The deposition plays an important role in the discovery phase of your disability lawsuit. It allows attorneys, both for the plaintiff and the insurance carrier, to discover facts about your disability case. In preparing for the disability deposition, the first thing we advise our clients is to only answer what is asked of you, no more, no less. And, always tell the truth; always. When you tell the truth there is zero risk of contradicting yourself or of having the other side question your credibility.
Preparing . . .
Before a scheduled disability deposition, we typically meet with our client to review prior statements, medical records, doctors’ narratives and any other relevant evidence to date. We also provide advice about what to do at the disability deposition. First, it is prudent to dress for the deposition as you would dress for business; simply and neatly.
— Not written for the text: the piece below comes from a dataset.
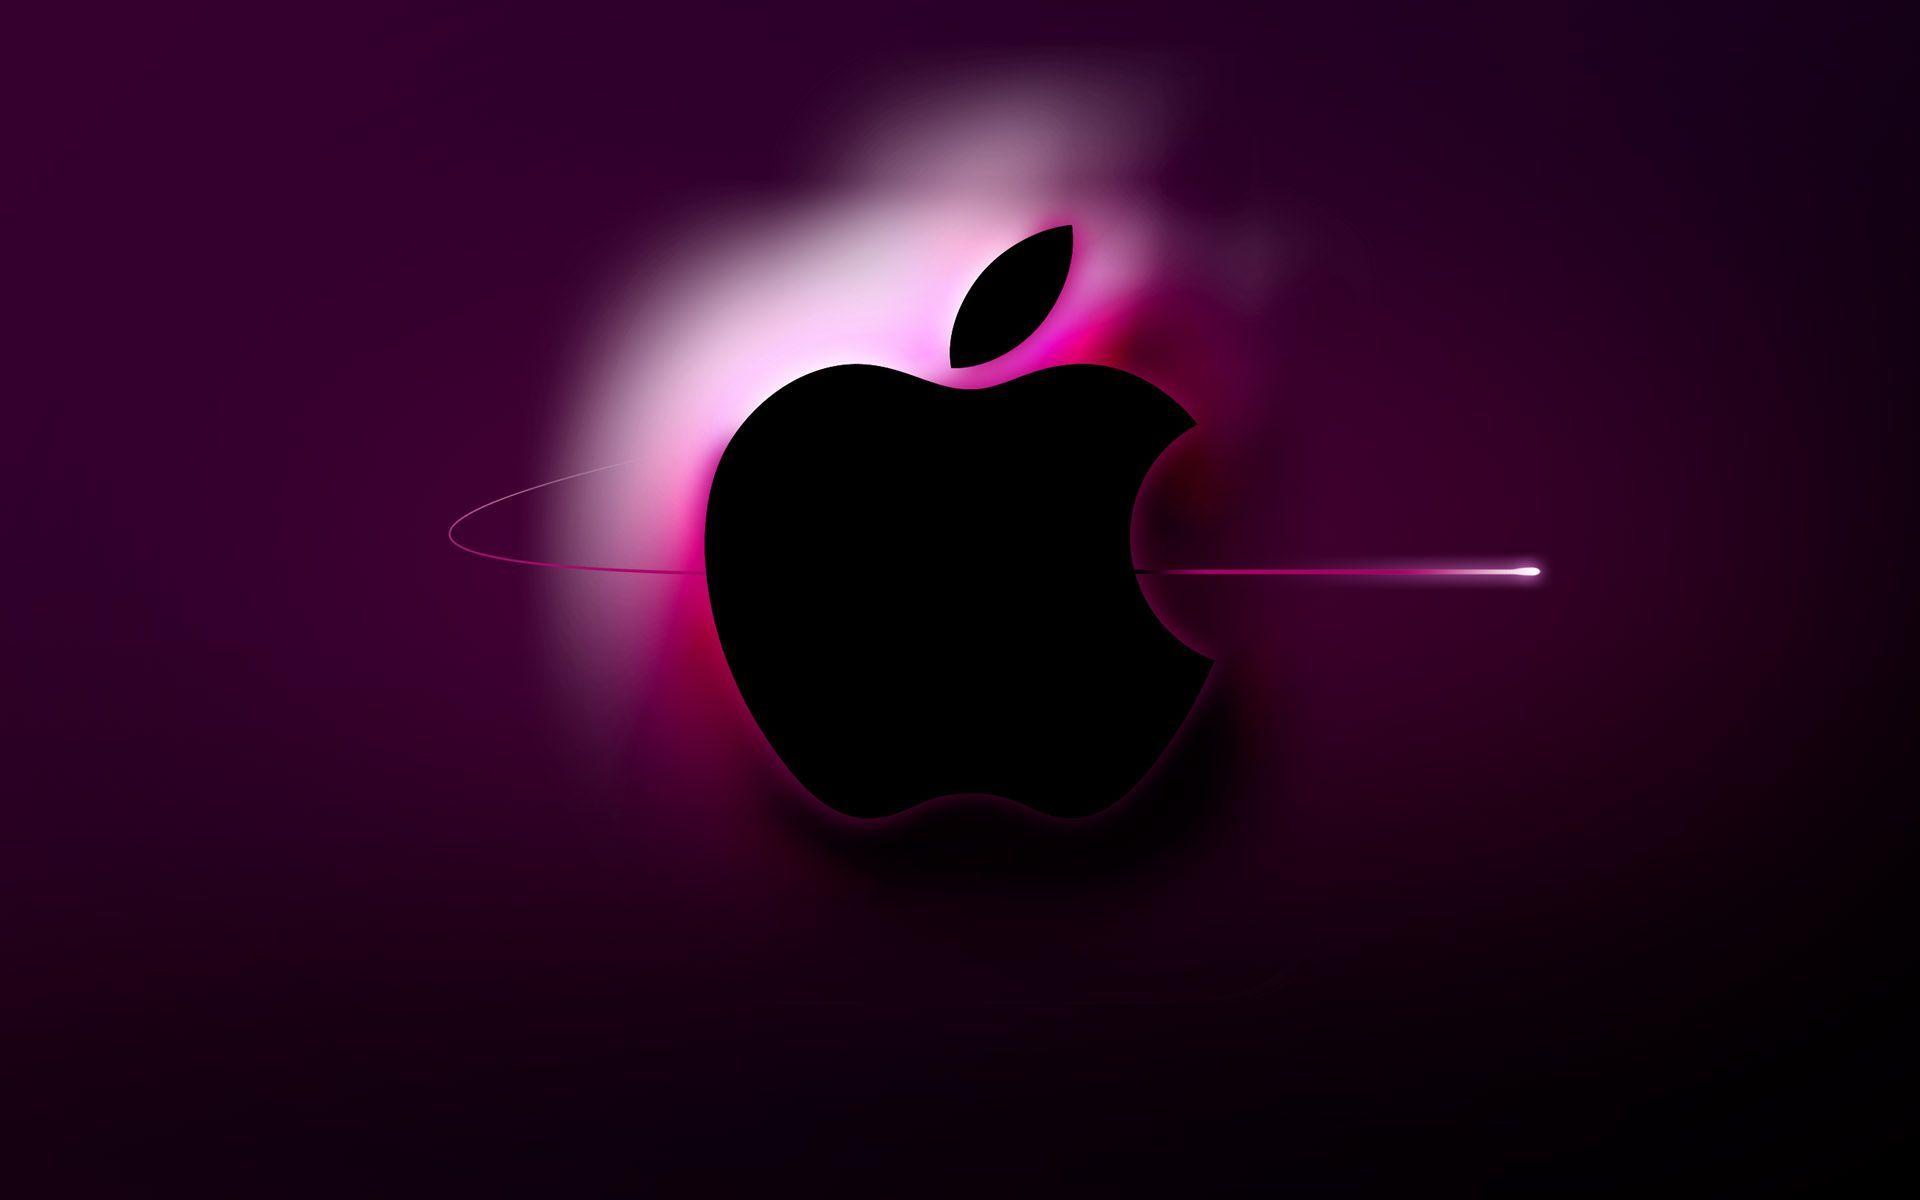 hd apple wallpaper 20485 - desktop wallpapers - system wallpaper

As with most life situations, impressions do count.
When it comes time for you to provide testimony, remember to remain calm. Although the opposing attorney may try to intimidate or anger you, stay focused. Answer all questions politely. Remember, it is not your job to argue with opposing counsel; leave that to your lawyer.
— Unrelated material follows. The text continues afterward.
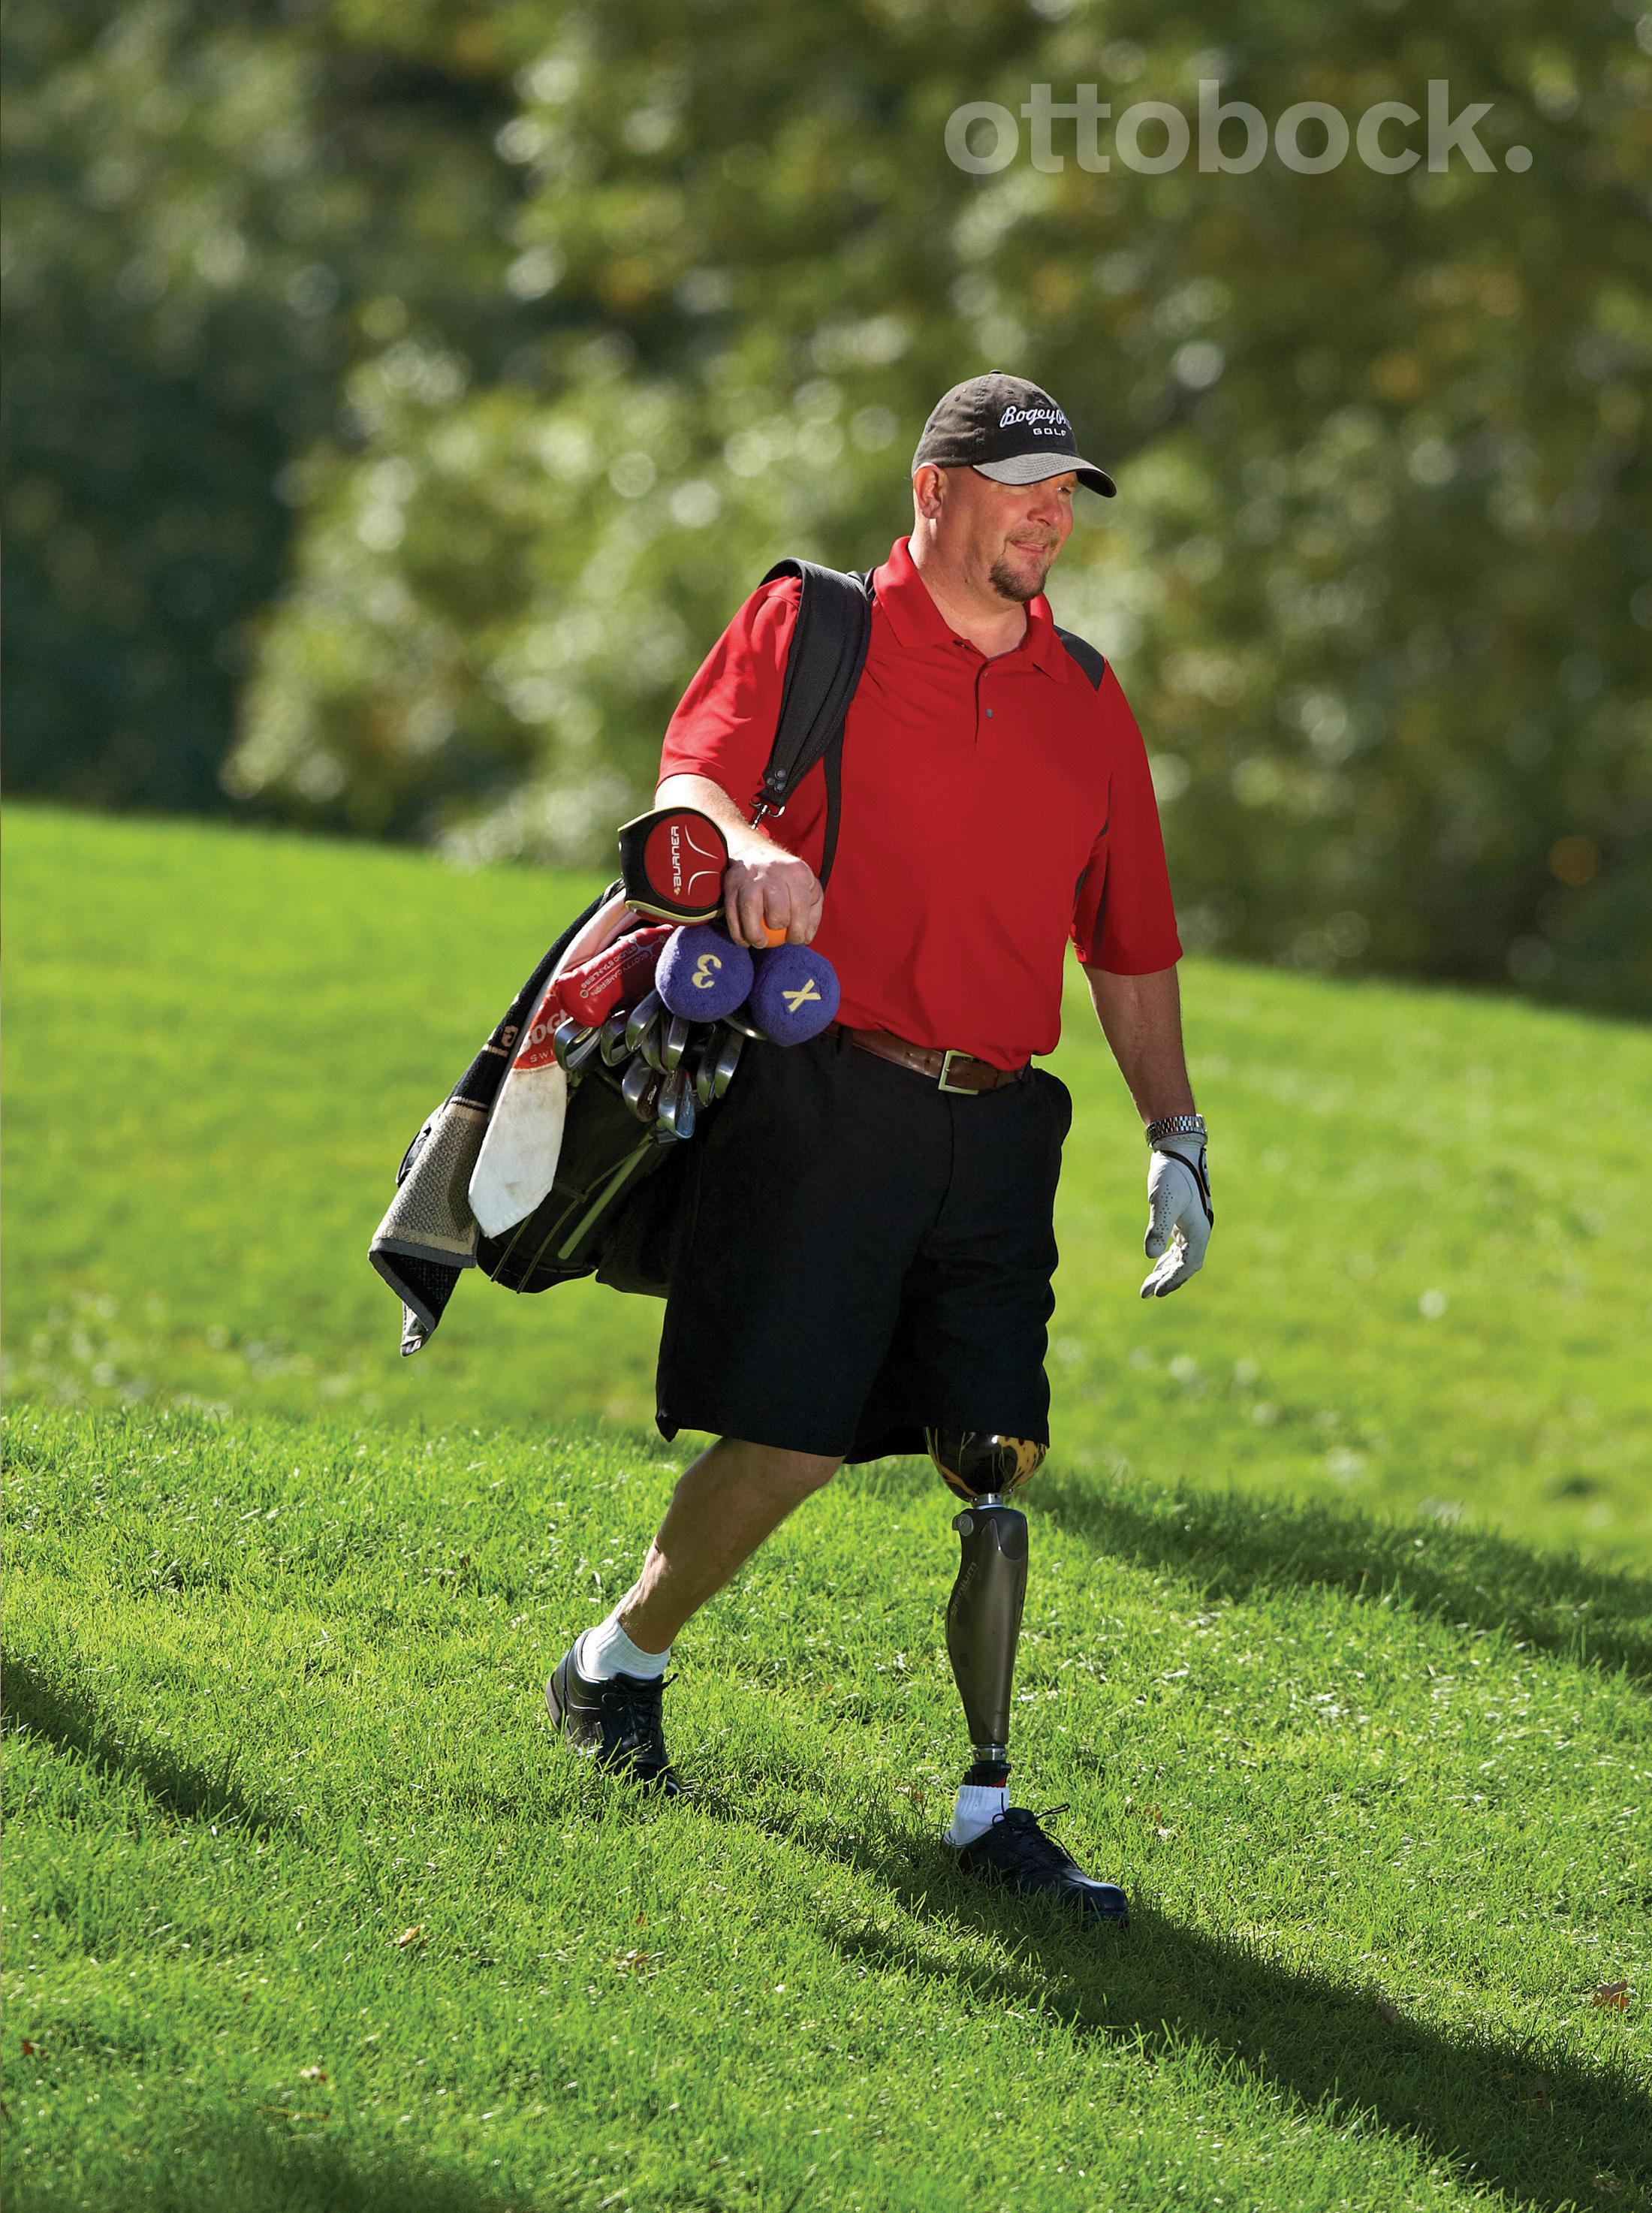 Ottobock C-Leg knee

If you cannot remember, do not try to reconstruct events. Simply say, ‘I cannot remember.’ You don’t want to guess. An honest mistake could make it appear as if you aren’t being truthful.
Before answering any question, always wait a few seconds. If you are unsure of a question, ask for clarification. Or, you may ask to consult with your attorney. It is important to understand the question before providing an answer as you certainly don’t want to provide an incorrect answer. Keep your answers short and to the point. The disability deposition is not an opportunity for you to tell your side of the story. Rather, it is a fact-finding exercise for the attorneys.
One more thing, consider everything you say on the record, even when the stenographer is not taking notes. Throughout the disability deposition remember not to volunteer any information that is not asked of you.